Class CRFParameters

java.lang.Object
org.tribuo.classification.sgd.crf.CRFParameters
All Implemented Interfaces:
Serializable, Parameters, ProtoSerializable<org.tribuo.math.protos.ParametersProto>

public class CRFParameters extends Object implements Parameters, Serializable
A Parameters for training a CRF using SGD.
See Also:
  • Field Details

    • CURRENT_VERSION

      public static final int CURRENT_VERSION
      Protobuf serialization version.
      See Also:
  • Method Details

    • deserializeFromProto

      public static CRFParameters deserializeFromProto(int version, String className, com.google.protobuf.Any message) throws com.google.protobuf.InvalidProtocolBufferException
      Deserialization factory.
      Parameters:
      version - The serialized object version.
      className - The class name.
      message - The serialized data.
      Returns:
      The deserialized object.
      Throws:
      com.google.protobuf.InvalidProtocolBufferException - If the protobuf could not be parsed from the message.
    • serialize

      public org.tribuo.math.protos.ParametersProto serialize()
      Description copied from interface: ProtoSerializable
      Serializes this object to a protobuf.
      Specified by:
      serialize in interface ProtoSerializable<org.tribuo.math.protos.ParametersProto>
      Returns:
      The protobuf.
    • getFeatureWeights

      public DenseVector getFeatureWeights(int id)
      Gets a copy of the weights for the specified label id.
      Parameters:
      id - The label id.
      Returns:
      The feature weights.
    • getBias

      public double getBias(int id)
      Returns the bias for the specified label id.
      Parameters:
      id - The label id.
      Returns:
      The bias.
    • getWeight

      public double getWeight(int labelID, int featureID)
      Returns the feature/label weight for the specified feature and label id.
      Parameters:
      labelID - The label id.
      featureID - The feature id.
      Returns:
      The feature/label weight.
    • getLocalScores

      public DenseVector[] getLocalScores(SGDVector[] features)
      Generate the local scores (i.e., the linear classifier for each token).
      Parameters:
      features - An array of SGDVectors, one per token.
      Returns:
      An array of DenseVectors representing the scores per label for each token.
    • getCliqueValues

      public ChainHelper.ChainCliqueValues getCliqueValues(SGDVector[] features)
      Generates the local scores and tuples them with the label - label transition weights.
      Parameters:
      features - The per token SGDVector of features.
      Returns:
      A tuple containing the array of DenseVector scores and the label - label transition weights.
    • predict

      public int[] predict(SGDVector[] features)
      Generate a prediction using Viterbi.
      Parameters:
      features - The per token SGDVector of features.
      Returns:
      An int array giving the predicted label per token.
    • predictMarginals

      public DenseVector[] predictMarginals(SGDVector[] features)
      Generate a prediction using Belief Propagation.
      Parameters:
      features - The per token SGDVector of features.
      Returns:
      A DenseVector per token containing the marginal distribution over labels.
    • predictConfidenceUsingCBP

      public List<Double> predictConfidenceUsingCBP(SGDVector[] features, List<Chunk> chunks)
      This predicts per chunk confidence using the constrained forward backward algorithm from Culotta and McCallum 2004.

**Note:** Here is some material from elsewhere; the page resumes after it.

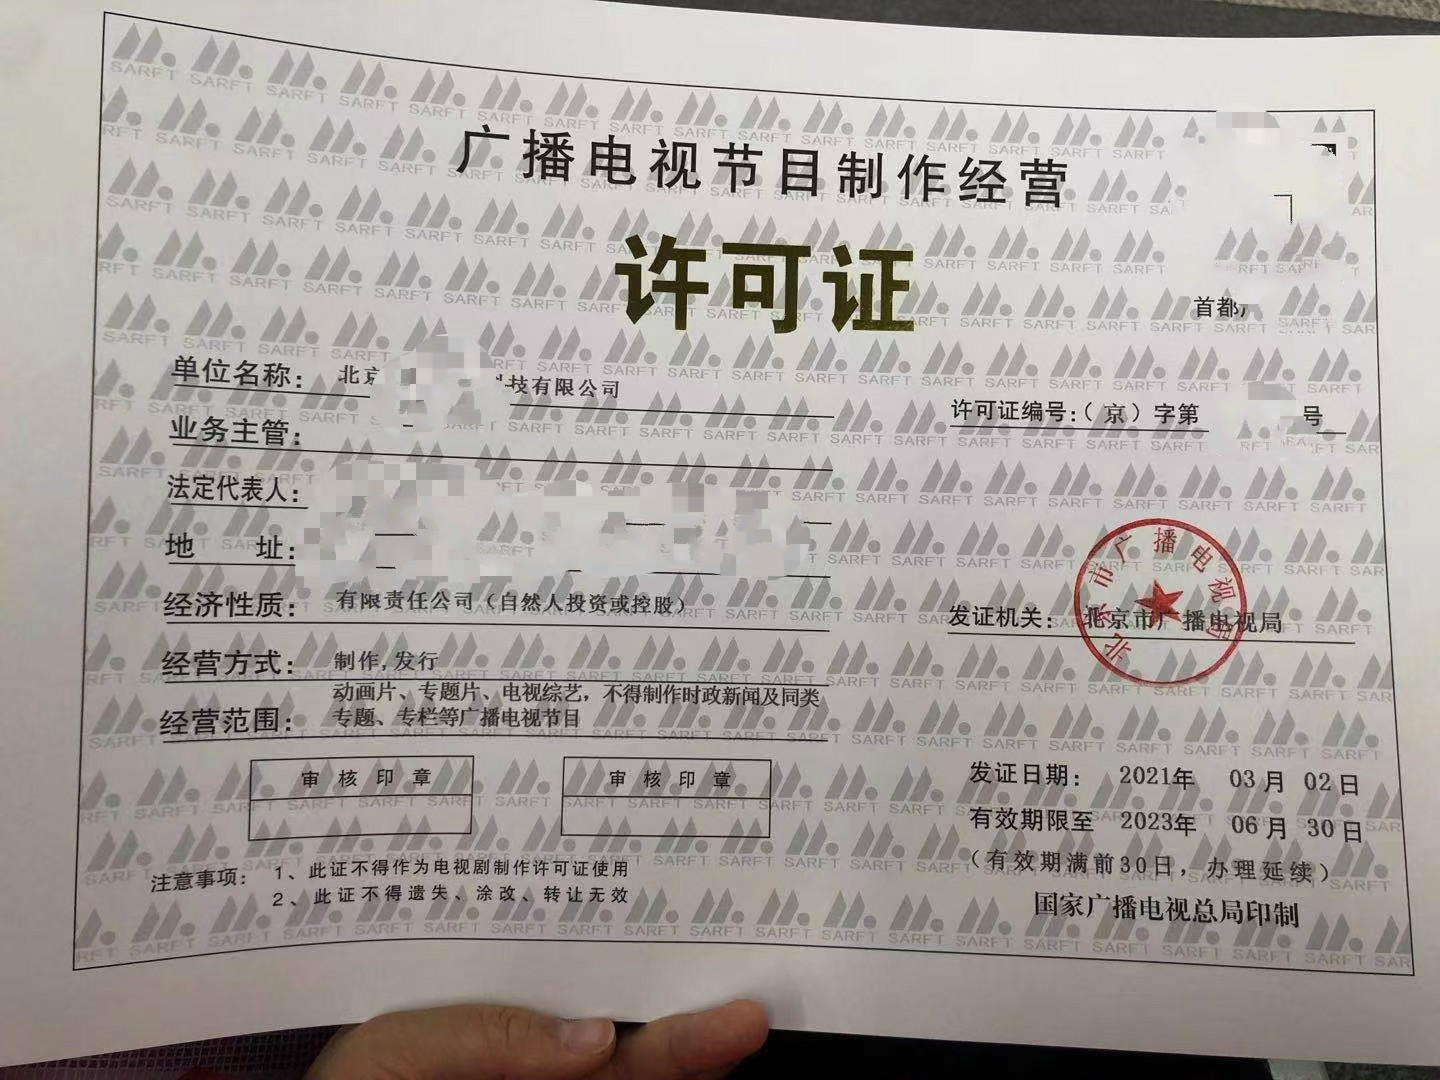 应用业务范围北京市广播电视节目制作经营许可证申请

      Runs one pass of BP to get the normalizing constant, and then a further chunks.size() passes of constrained forward backward.

      Parameters:
      features - The per token SGDVector of features.
      chunks - A list of extracted chunks to pin constrain the labels to.
      Returns:
      A list containing the confidence value for each chunk.
    • valueAndGradient

      public com.oracle.labs.mlrg.olcut.util.Pair<Double,Tensor[]> valueAndGradient(SGDVector[] features, int[] labels)
      Generates predictions based on the input features and labels, then scores those predictions to produce a loss for the example and a gradient update.

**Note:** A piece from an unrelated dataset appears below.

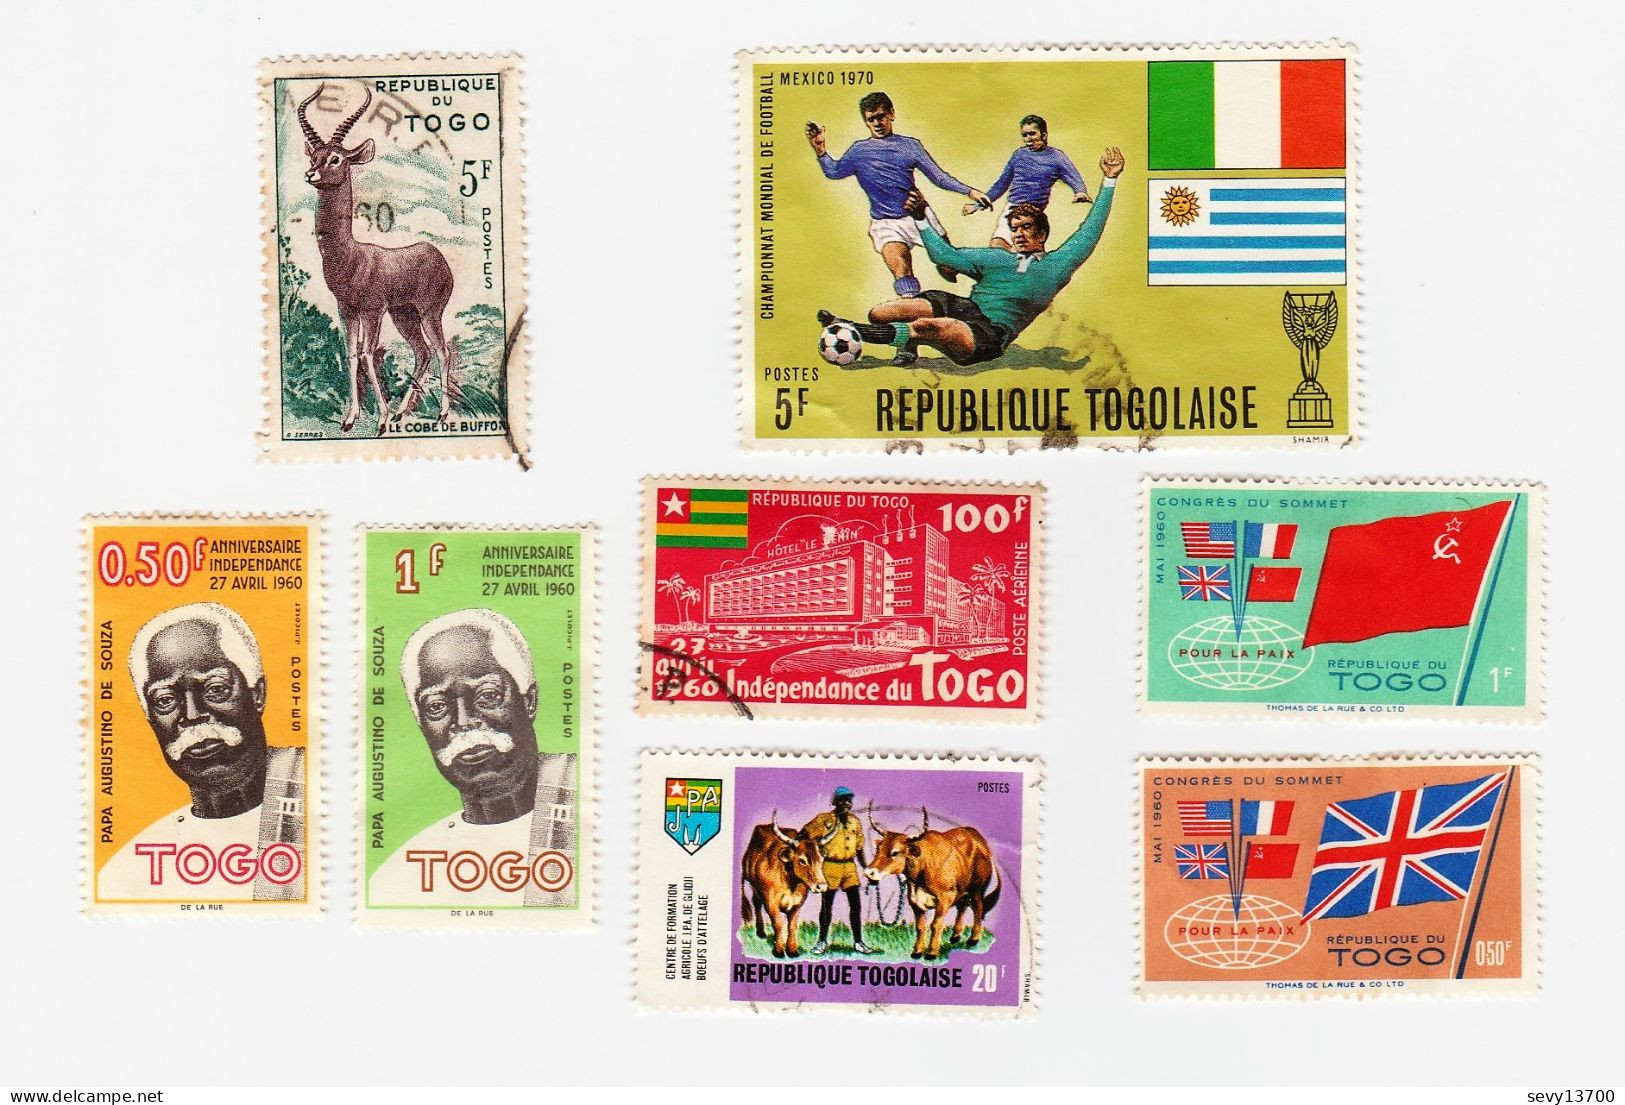 Togo lot de 46 timbres

      Assumes all the features in this example are either SparseVector or DenseVector. Mixing the two will cause undefined behaviour.

      Parameters:
      features - The per token SGDVector of features.
      labels - The per token ground truth labels.
      Returns:
      A Pair containing the loss for this example and the associated gradient.
    • getEmptyCopy

      public Tensor[] getEmptyCopy()
      Returns a 3 element Tensor array. The first element is a DenseVector of label biases. The second element is a DenseMatrix of feature-label weights. The third element is a DenseMatrix of label-label transition weights.
      Specified by:
      getEmptyCopy in interface Parameters
      Returns:
      A Tensor array.
    • get

      public Tensor[] get()
      Description copied from interface: Parameters
      Get a reference to the underlying Tensor array.
      Specified by:
      get in interface Parameters
      Returns:
      The parameters.
    • set

      public void set(Tensor[] newWeights)
      Description copied from interface: Parameters
      Set the underlying Tensor array to newWeights.
      Specified by:
      set in interface Parameters
      Parameters:
      newWeights - New parameters to store in this object.
    • update

      public void update(Tensor[] gradients)
      Description copied from interface: Parameters
      Apply gradients to the parameters. Assumes that gradients is the same length as the parameters, and each Tensor is the same size as the corresponding one from the parameters.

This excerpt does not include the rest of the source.